Offline mode in the Clappia mobile app is important for field use. Reps in areas with poor connectivity can complete the OTP verification, fill in all visit fields, and submit. The form saves locally and syncs when the device reconnects. The on-save workflow fires at sync time, including the follow-up reminder scheduling and the external data push. The GPS proximity check uses the device's locally cached location data, so it functions correctly offline as long as the device GPS is active.

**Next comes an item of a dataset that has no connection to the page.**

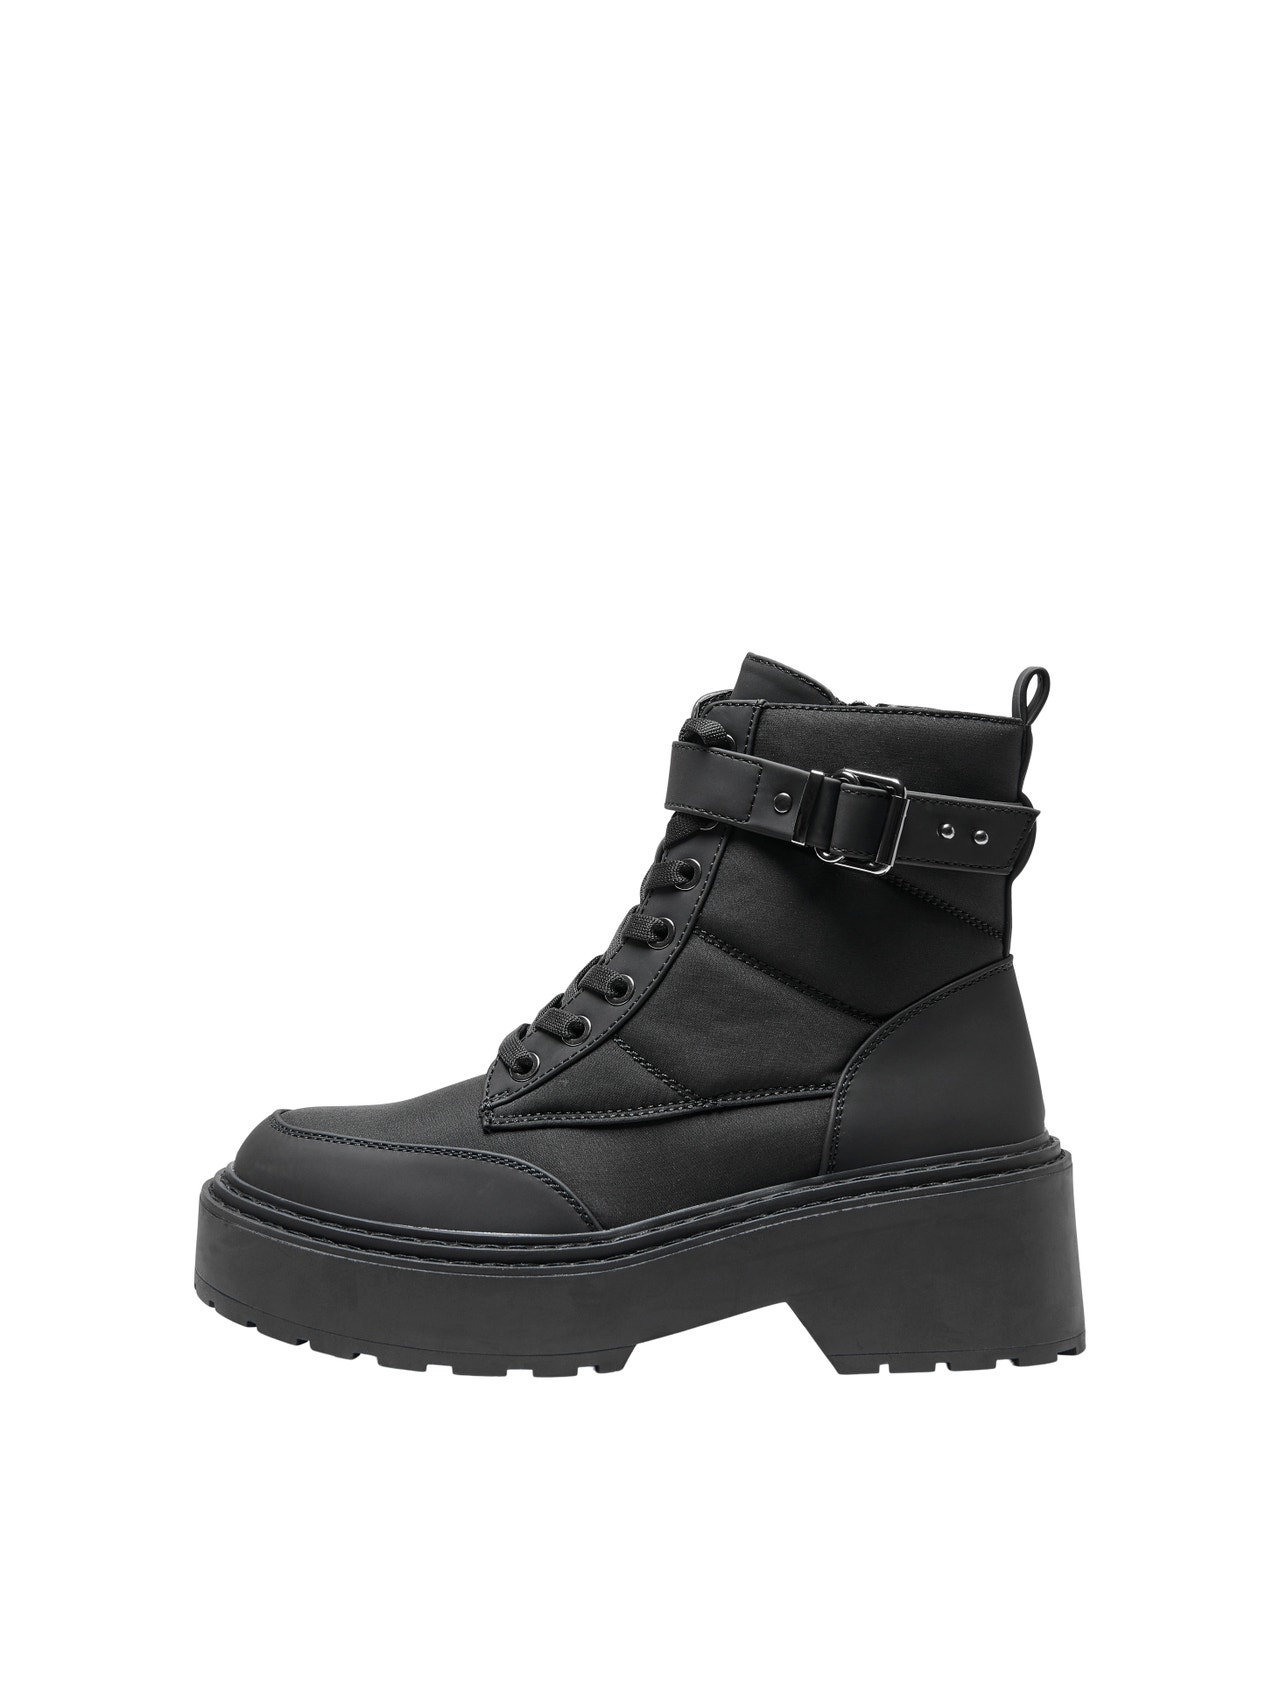 ONLY Boots with adjustable strap -Black - 15271896

Quick Reference: Field Visit Logger Components

ComponentBlock TypeKey Behaviour
Search by name / contactGet Data from Other AppsPulls retailer details from master directory on selection
Search by postal codeGet Data from Other AppsFilters directory by postal code; enables embedded map view
Email cleanupFormula (TRIM)Strips whitespace from pulled contact emails for workflow use
Authenticator CodeNumber blockVisible only at initial form open; captures OTP from rep
Verify OTP buttonButton with REST API actionCalls external validation API; response stored in hidden field
OTP result messagesValidation blocks (x2)Shows Valid or Invalid OTP; invalid blocks submission
Store GPS CoordinatesGPS Location (read-only, pulled)Registered store location from master directory
Your Current LocationGPS Location blockCaptures live rep location; visible only after retailer selected
GPS proximity checkValidation blockBlocks submission if rep is more than 200m from store
Distance diagnosticFormula / read-only fieldSupport-only; shows raw distance in metres
Shop OpenSingle Selector (Yes/No)Required visit outcome
Order PlacedSingle Selector (Yes/No)Required; triggers conditional fields when No
Additional Products RequiredLong TextVisible only when Order Placed = No
Next Visit DateDate block (required when visible)Visible only when Order Placed = No; drives reminder workflow
Embedded map viewAnalytics embedVisible only when postal code search path is used

Conclusion

A field visit app with OTP and GPS verification is meaningfully different from a standard visit logging form. The verification steps transform the record from a self-reported entry into an evidenced one, which changes what the data can be used for: performance reporting that managers can trust, compliance audits that do not require separate evidence collection, and follow-up workflows that trigger on verified events rather than unverified ones.

The build described in this guide is modular. The master directory and visit form are the core; the daily tracking linkage and external data push are extensions that can be added once the core is working and tested. If you are deploying this for the first time, build the master directory, populate a subset of retailers, configure the visit form with the two verification checks, and run end-to-end tests with real devices before rolling out to the full field team. The GPS boundary and OTP flow in particular need to be tested in actual field conditions, not just from a desk, because network latency and device GPS accuracy behave differently in the environments your reps work in.